‘I Know My Car’: Botched Greensboro North Carolina Suspension Repair Starts With Denial but Ends With Forehead Slap and $800 Refund
There was a new noise…the kind you hear pulling out of a parking lot and immediately think, “That wasn’t there yesterday.” For Nena Murphy in Greensboro, North Carolina, that sound followed what should have been the most boring errand of the week: a simple oil change. During the service, the mechanic flagged a so-called needed suspension repair on her Infiniti.
That’s where the headache started.
Murphy keeps close tabs on her car, including maintenance and repair needs
She notices new smells, new vibrations, new noises. So when a mechanic at the shop told her during that oil change that her sway bar needed attention, she listened. The shop replaced the part. Then she drove off and heard something that didn’t belong.
The car sounded wrong. Murphy brought it back. The shop inspected it and told her nothing was wrong with their repair. More than once. And While the issue seemed dulled, a squeak stayed. All the while, Murphy stayed unconvinced.
“I know my car,” she said. And she wasn’t letting it go.

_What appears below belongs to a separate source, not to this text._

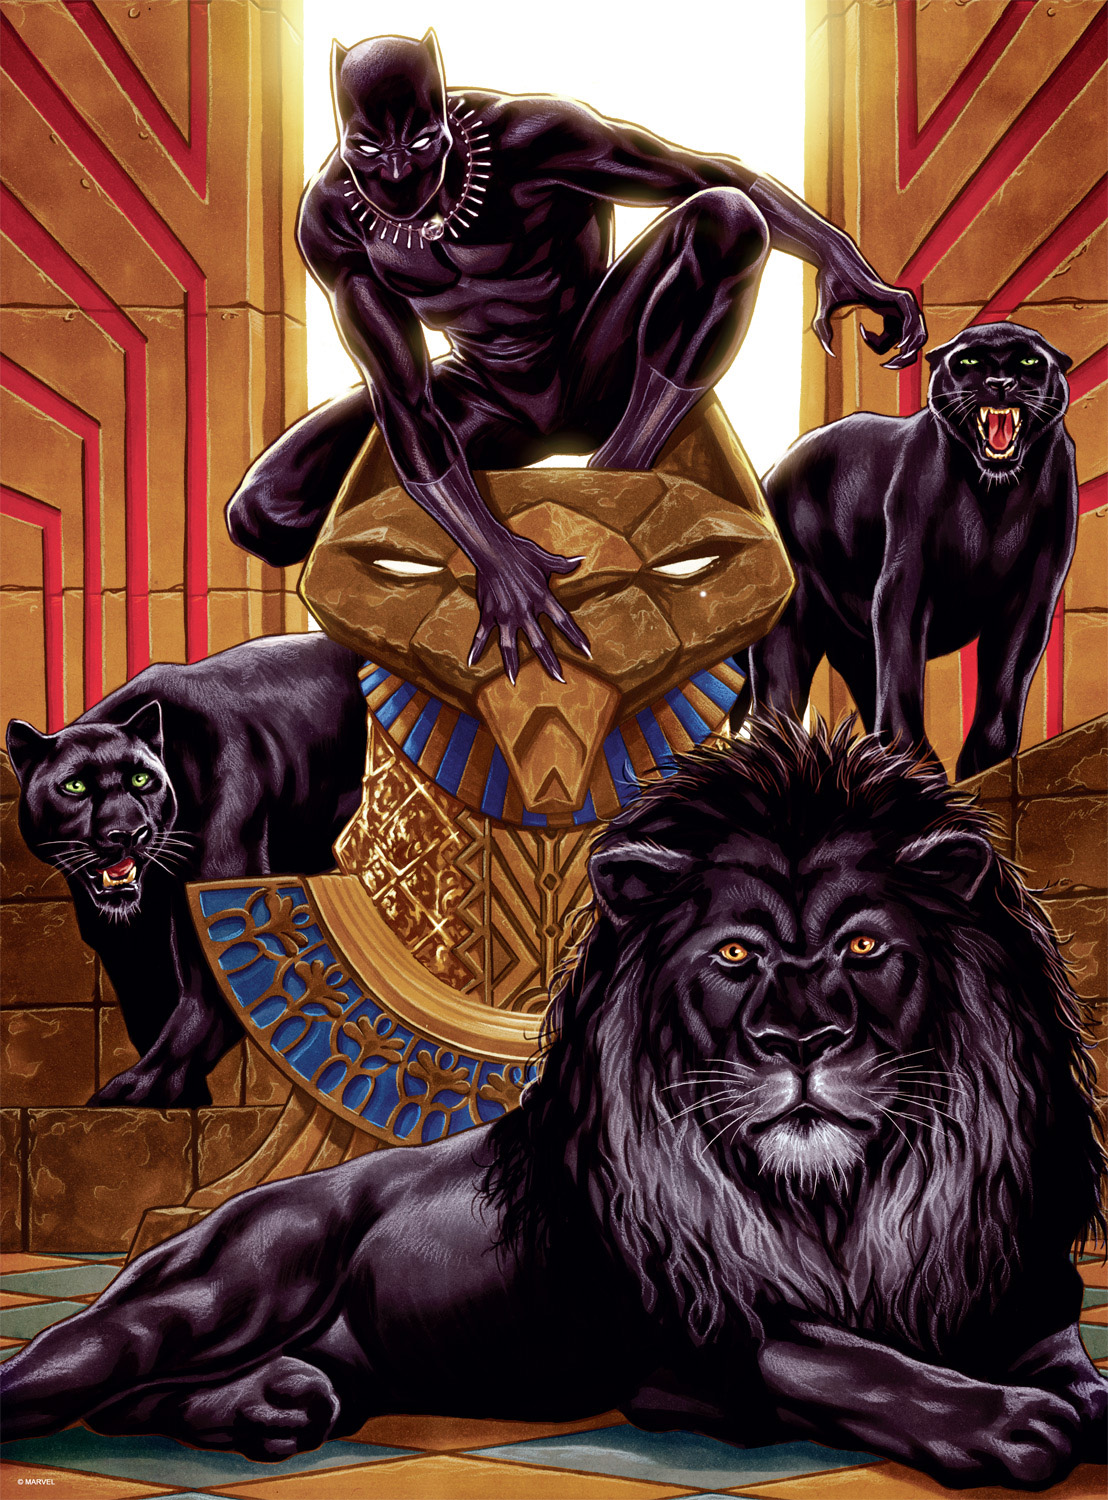 Black Panther (Vol. 6) #1 Variant Movies & TV Jigsaw Puzzle
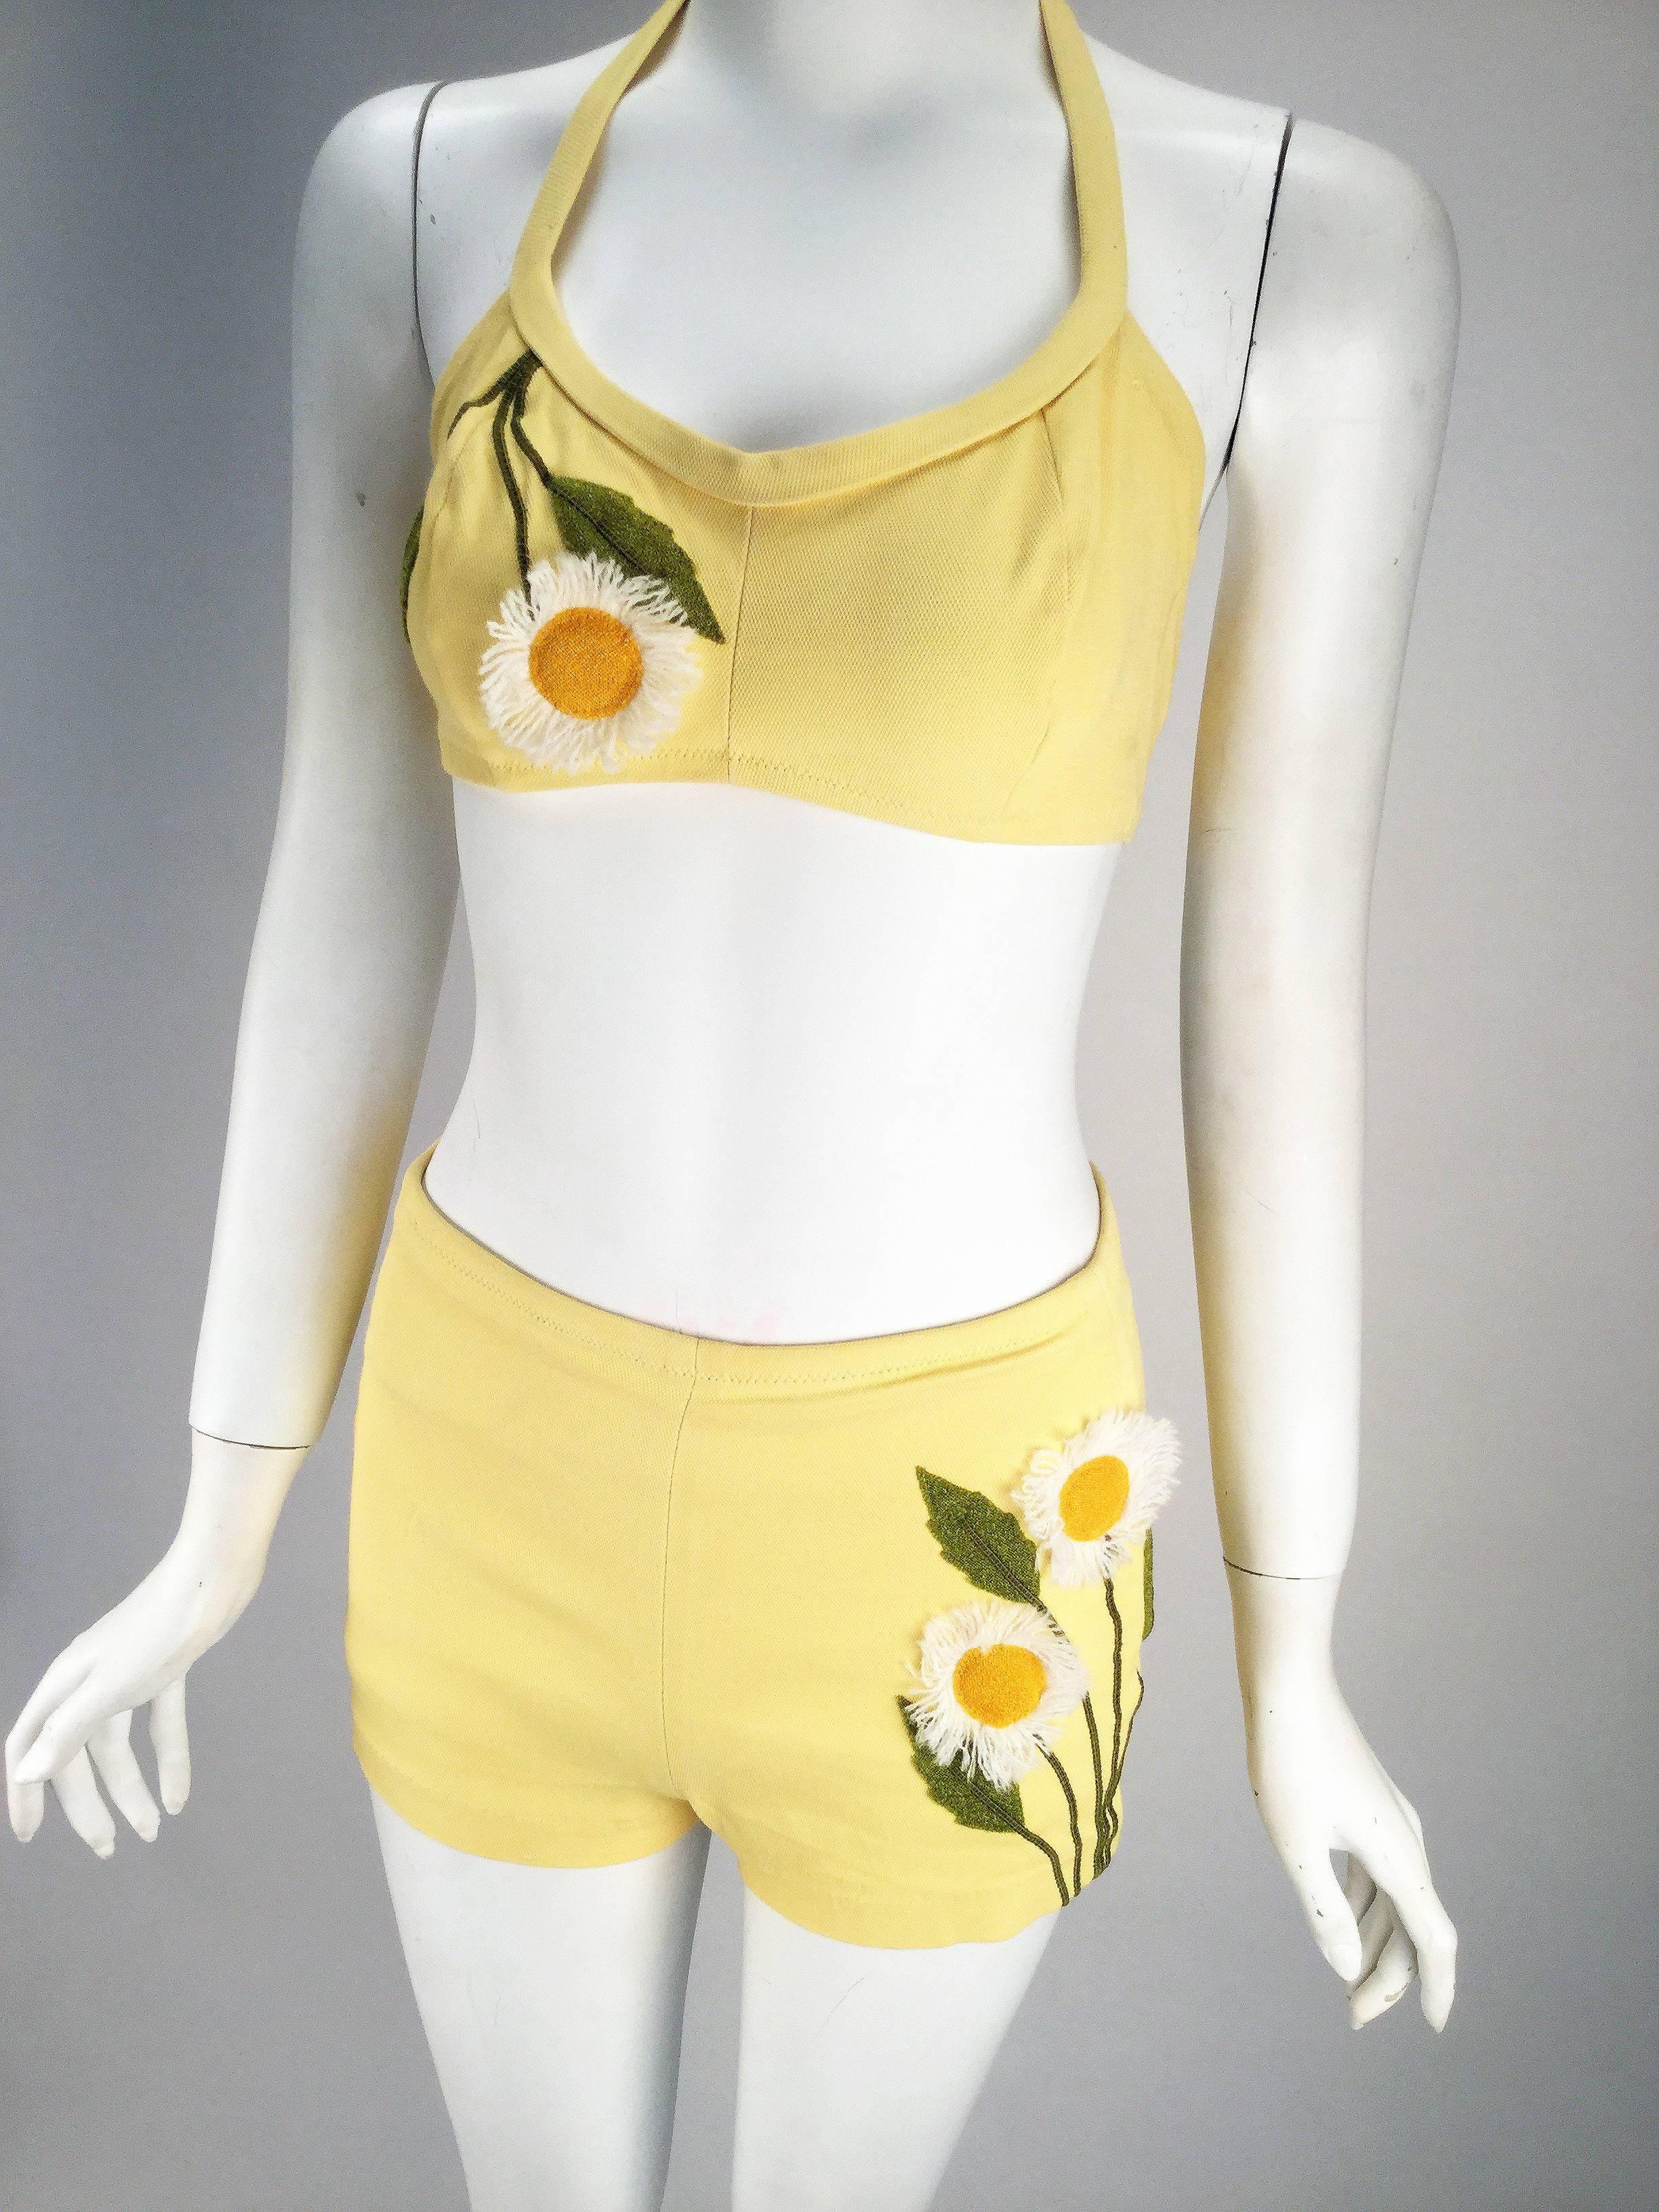 pale yellow bathing suit

After repeated denials, Murphy reached out to WFMY News 2. She also took the car to a second repair shop for another opinion. The results turned the denials into a big ole forehead slap.
The second mechanic put the car on a lift and recorded a repair inspection from underneath
The footage showed several issues, including suspension concerns and leaks that the first shop apparently didn’t flag. Then, one mistake jumped off the screen.
One of the sway bar end links had been installed upside down.
The mechanic pointed it out clearly on video, explaining how the parts should sit and how they were actually installed. WFMY shared that video with the original shop. The response was fast.
Murphy received a full refund of about $800. Once the part was installed correctly, the noise disappeared.
What the sway bar and its end links actually do
A sway bar, also called a stabilizer bar or anti-sway bar, connects the left and right sides of your suspension. There are small rubber bushings that wrap around it, too. The bar helps reduce body rock when you turn.
The sway bar links are short rods that connect the sway bar to the suspension components at each wheel. You’ll find them underneath the car, near the wheels, bolted vertically or at a slight angle. They tend to make a tinny, rattle-knock sound when they’re worn out, similar to a loose shopping cart wheel.
The repair for any of these components usually involves lifting the vehicle, removing the old links, bushings, and bar (if applicable, keep reading for my note on this part), and installing new hardware with proper torque. Oh, and proper orientation matters. A lot.
According to RepairPal data for 2025, sway bar link replacement typically runs less than $200 per pair, including labor. Depending on where you live, though, I think that estimate might be slightly low. I’d guess under $300 total.
You can expect to more than double that estimate if the whole bar is needed, which brings me to my personal concern with the repair in the first place…
I worked the front counter of a repair facility for many years. We replaced thousands of bad sway bar links and bushings. When it came to the bar itself, though, unless there’d been an accident, the car was completely rusted underneath, or there was some other odd problem, we really didn’t need to replace many bars themselves. An $800 estimate, then, seems fishy to me.
Maybe the bar really was needed, I don’t know. And it’s an Infiniti, here, so the bar assembly is pricier than, say, a Honda.
But if all they replaced were the links, $800 is just…wow.
In any case, the big forehead slap hopefully resets the first shop’s inspection and repair processes. And if they can’t install a sway bar link right side up, I’d wonder about their oil changes, too.